AVAILABLE DATA ->
------------------------------------------------------------

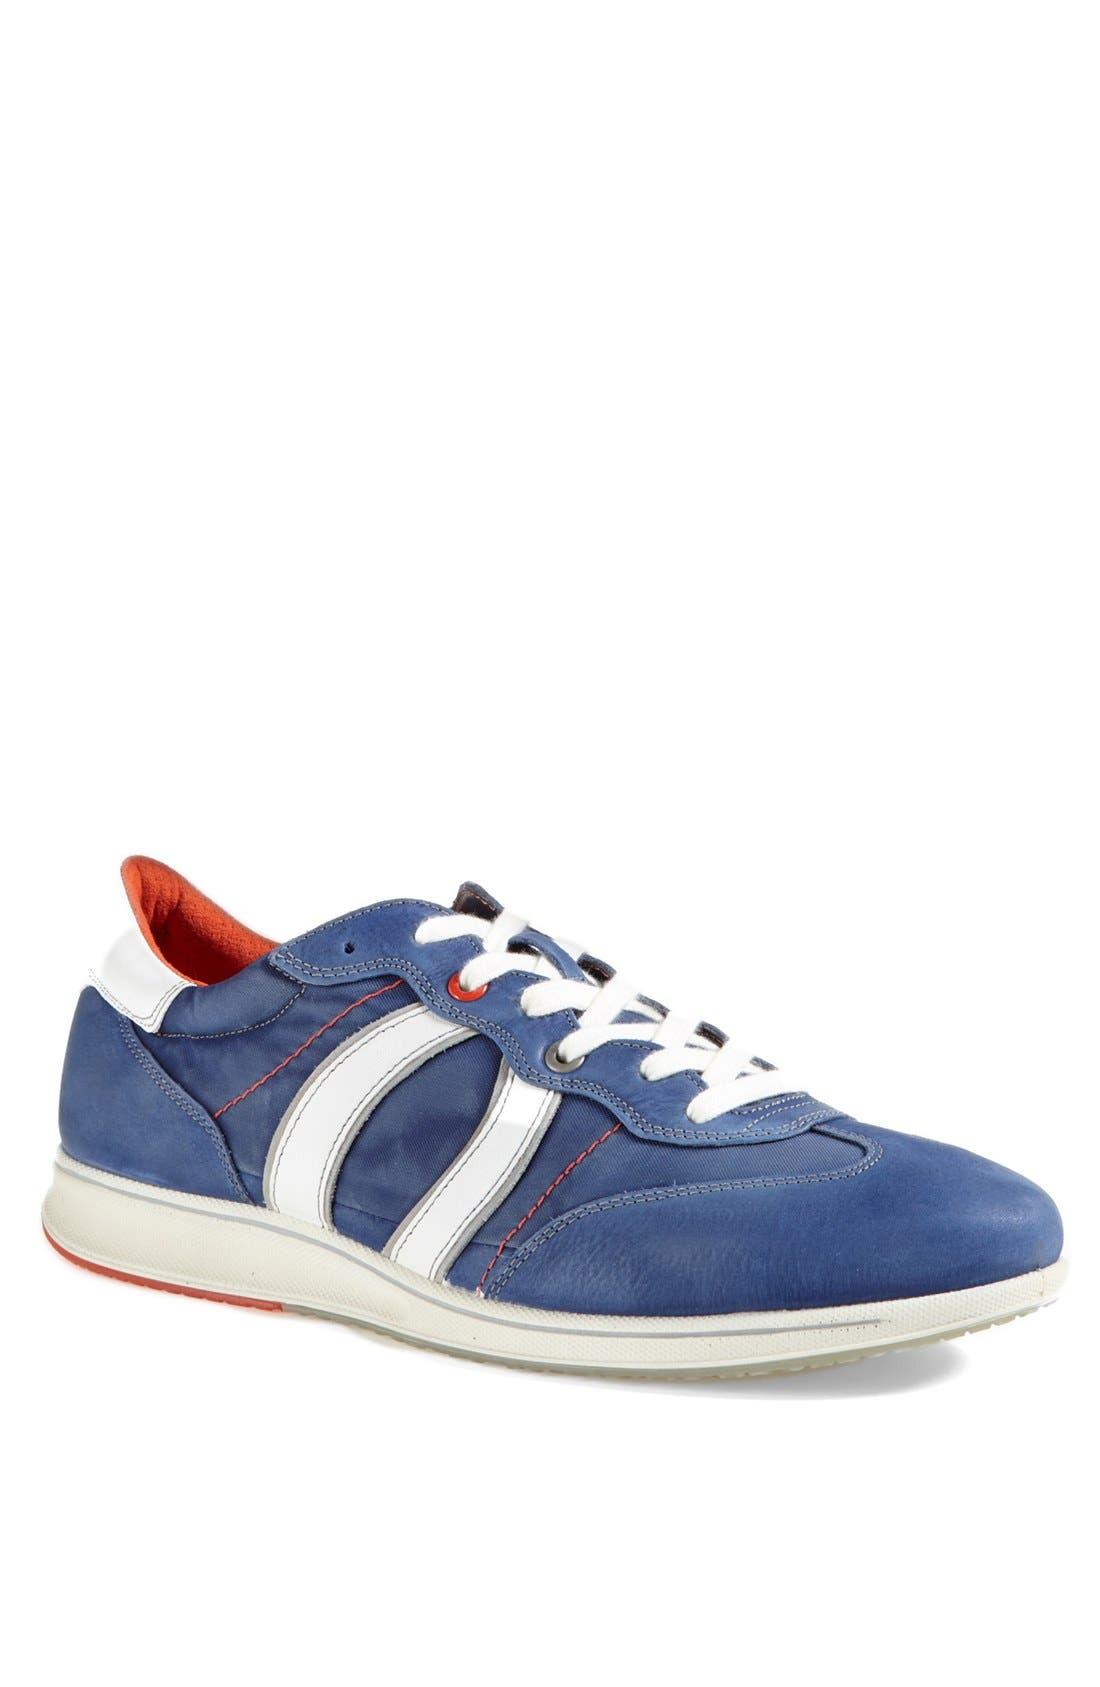 Alternate Image 1 Selected - ECCO 'Jogga' Sneaker
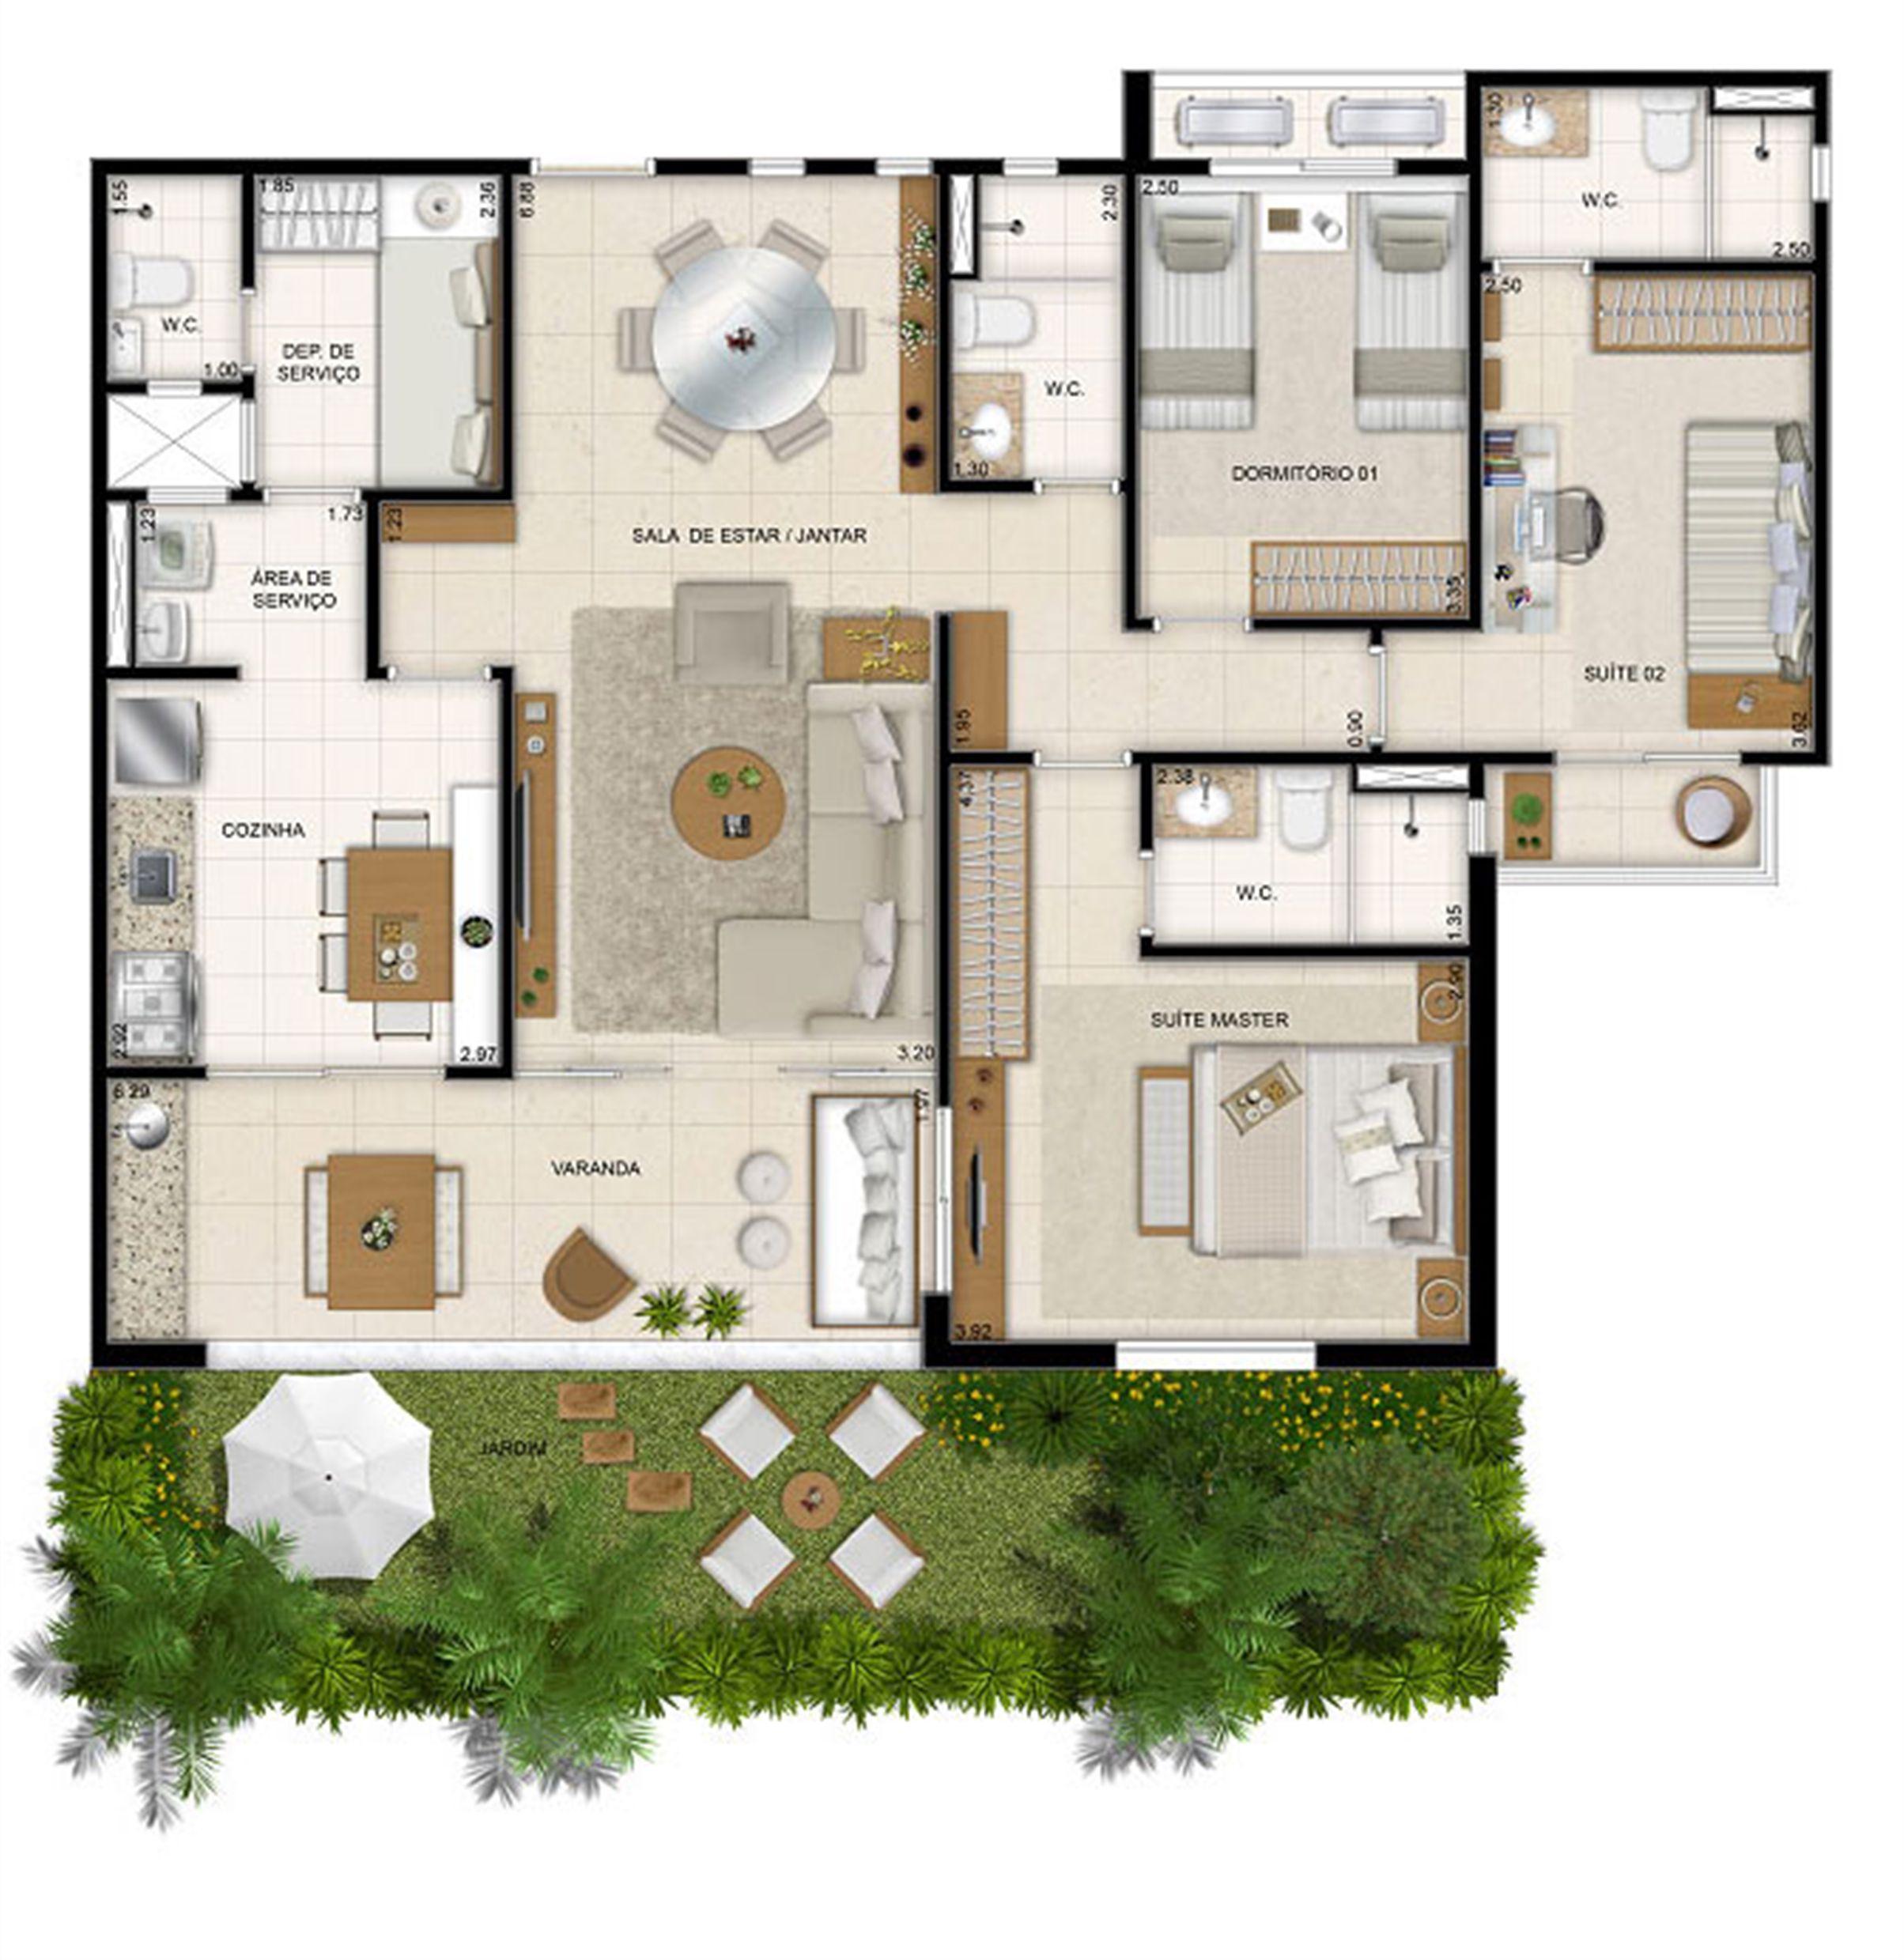 Perspectiva ilustrada da planta Mason Makani 113 m² | Mandara Kauai – Apartamento no  Porto das Dunas - Aquiraz - Ceará
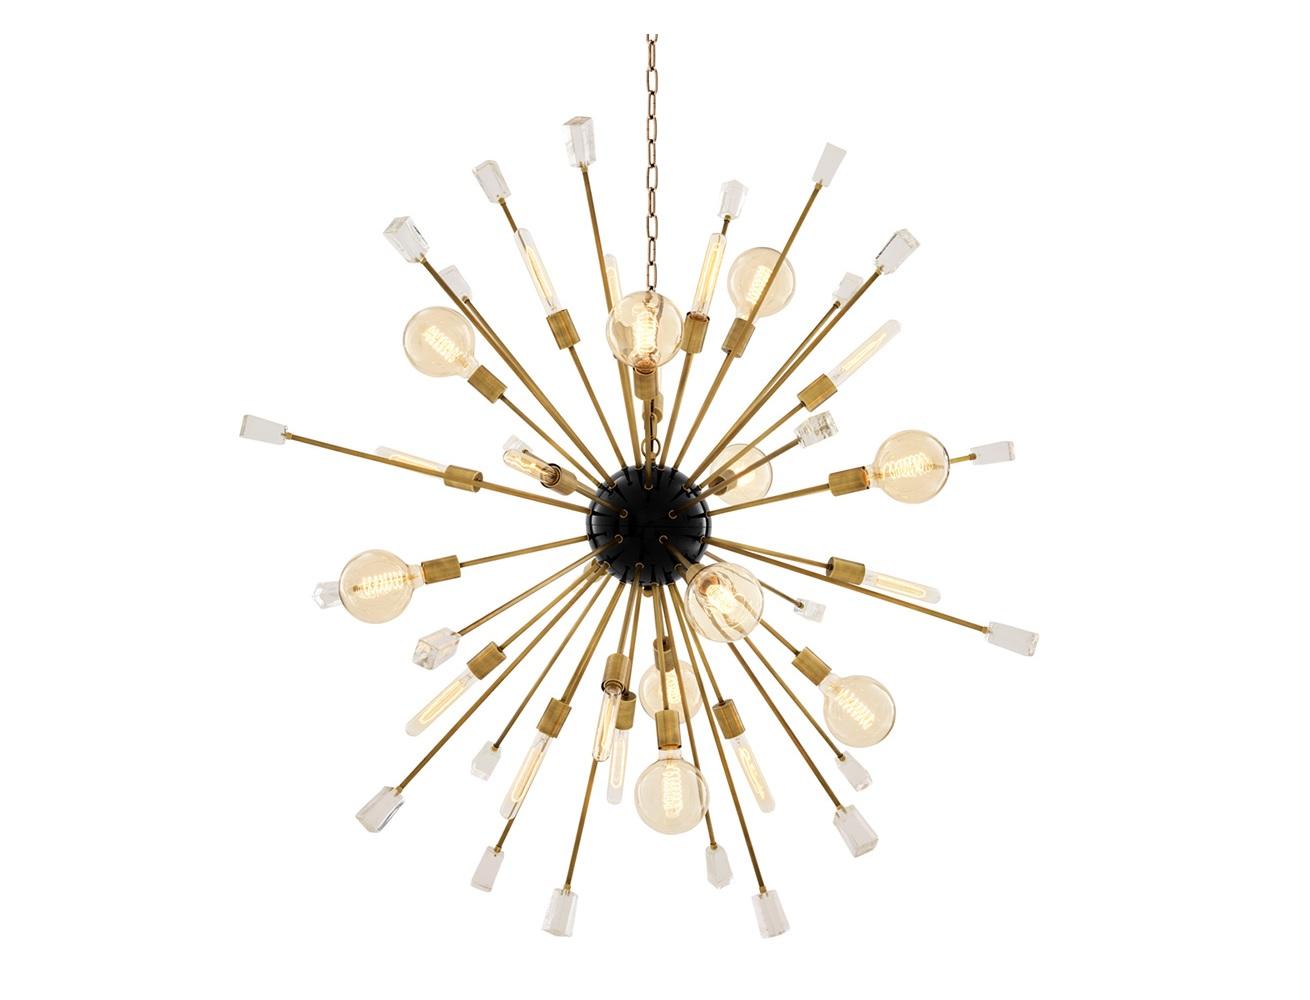 Подвесной светильник Chandelier Tivoli LПодвесные светильники<br>Подвесной светильник Chandelier Tivoli L на арматуре цвета латунь. Плафон с оригинальным дизайном в виде &amp;quot;одуванчика&amp;quot;. Прозрачные стеклянные кристаллы в виде декора. Высота светильника регулируется за счет звеньев цепи.&amp;lt;div&amp;gt;&amp;lt;br&amp;gt;&amp;lt;/div&amp;gt;&amp;lt;div&amp;gt;&amp;lt;div&amp;gt;&amp;lt;div&amp;gt;Вид цоколя: E27&amp;lt;/div&amp;gt;&amp;lt;div&amp;gt;Мощность лампы: 40W&amp;lt;/div&amp;gt;&amp;lt;div&amp;gt;Количество ламп: 24&amp;lt;/div&amp;gt;&amp;lt;/div&amp;gt;&amp;lt;div&amp;gt;&amp;lt;br&amp;gt;&amp;lt;/div&amp;gt;&amp;lt;div&amp;gt;Лампочки в комплект не входят.&amp;lt;/div&amp;gt;&amp;lt;/div&amp;gt;<br><br>Material: Металл<br>Ширина см: 148<br>Высота см: 148<br>Глубина см: 148
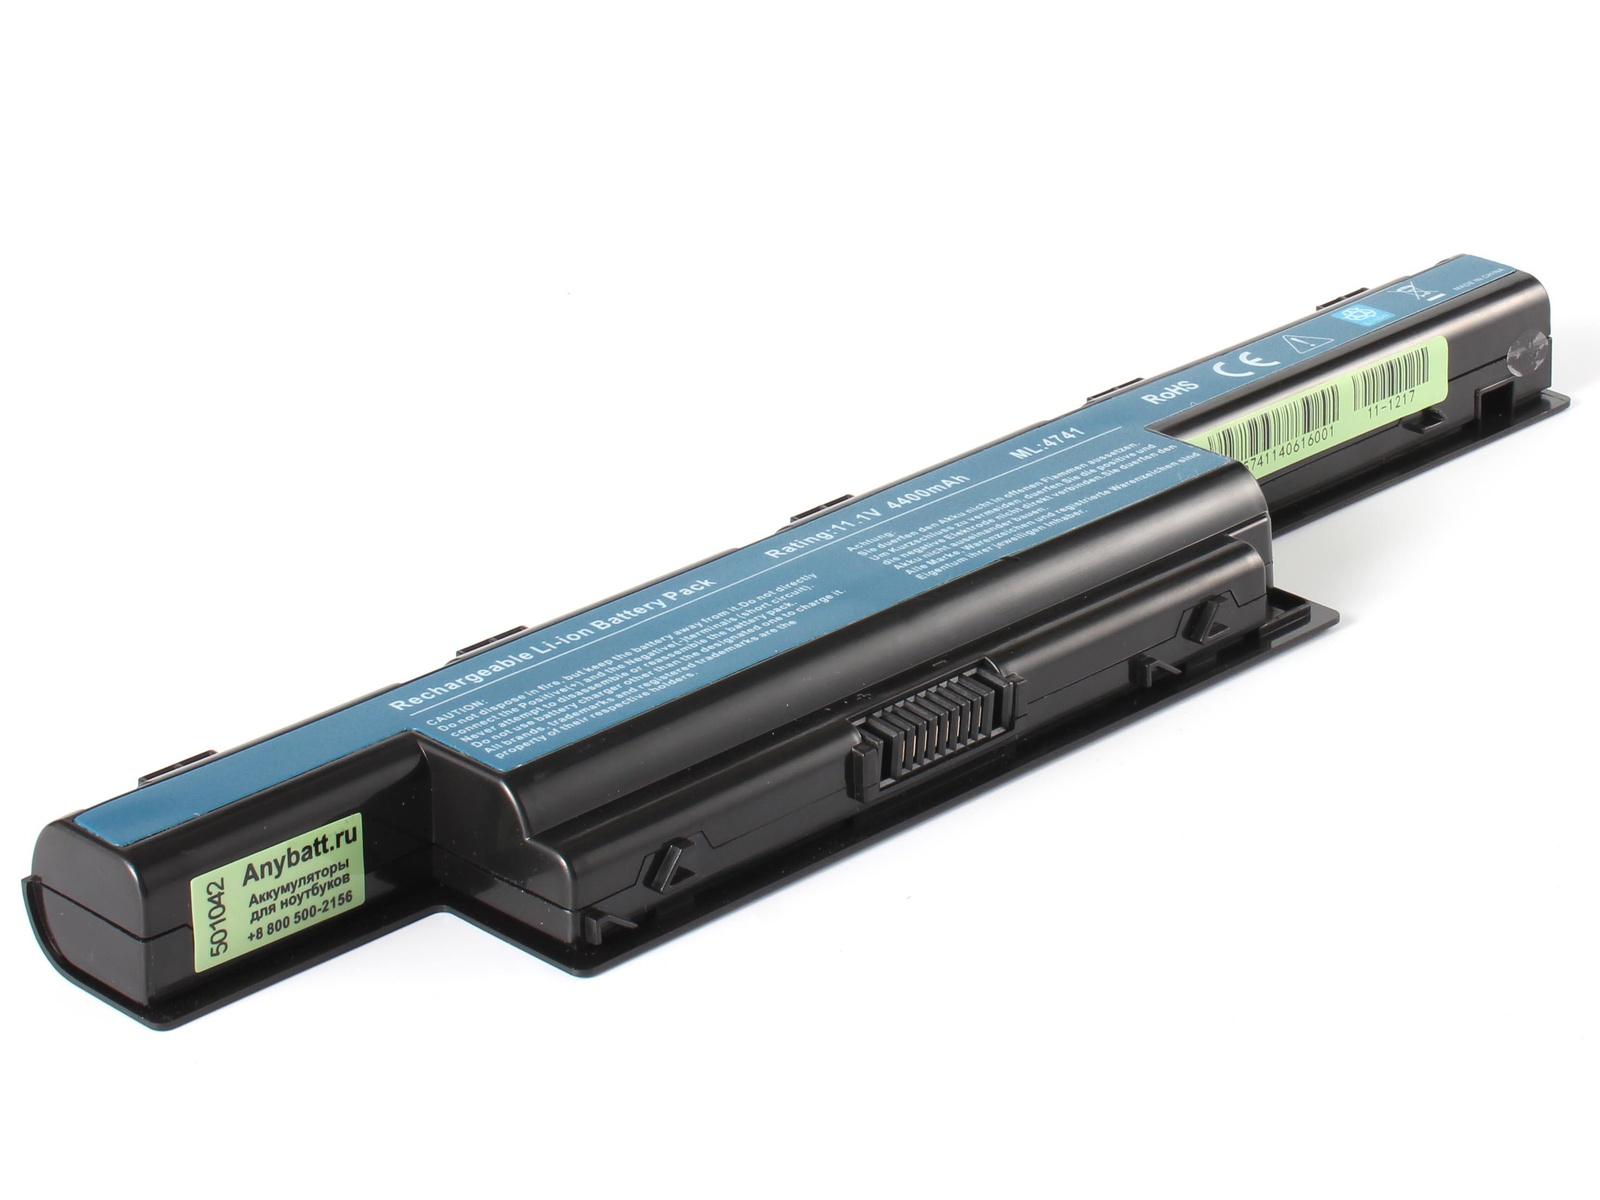 Фото - Аккумулятор для ноутбука AnyBatt для Acer Aspire E1-571G-32374G50Mnks, eMachines E732G-333G25Mikk, Travelmate 4750, Travelmate P643-M, Aspire 5250-E302G50Mnkk, Aspire 5750G-2454G50Mnbb, Aspire 7551G-N974G64Bikk аккумуляторная батарея topon top ac5551 4400мач для ноутбуков acer aspire 4551g 4741 4771g 5253 5333 5551 5741g 5750g 7551g 7741g v3 travelmate 4750 5740g 7750g 8572tg e640 e642g

------------------------------------------------------------

ASSIGNMENT -> Transcribe, word for word, only the material from its opening line through the line containing "Perspectiva ilustrada da", both ends included, and omit the pictures.

SOLUTION ->
 Alternate Image 1 Selected - ECCO 'Jogga' Sneaker
 Perspectiva ilustrada da planta Mason Makani 113 m² | Mandara Kauai – Apartamento no  Porto das Dunas - Aquiraz - Ceará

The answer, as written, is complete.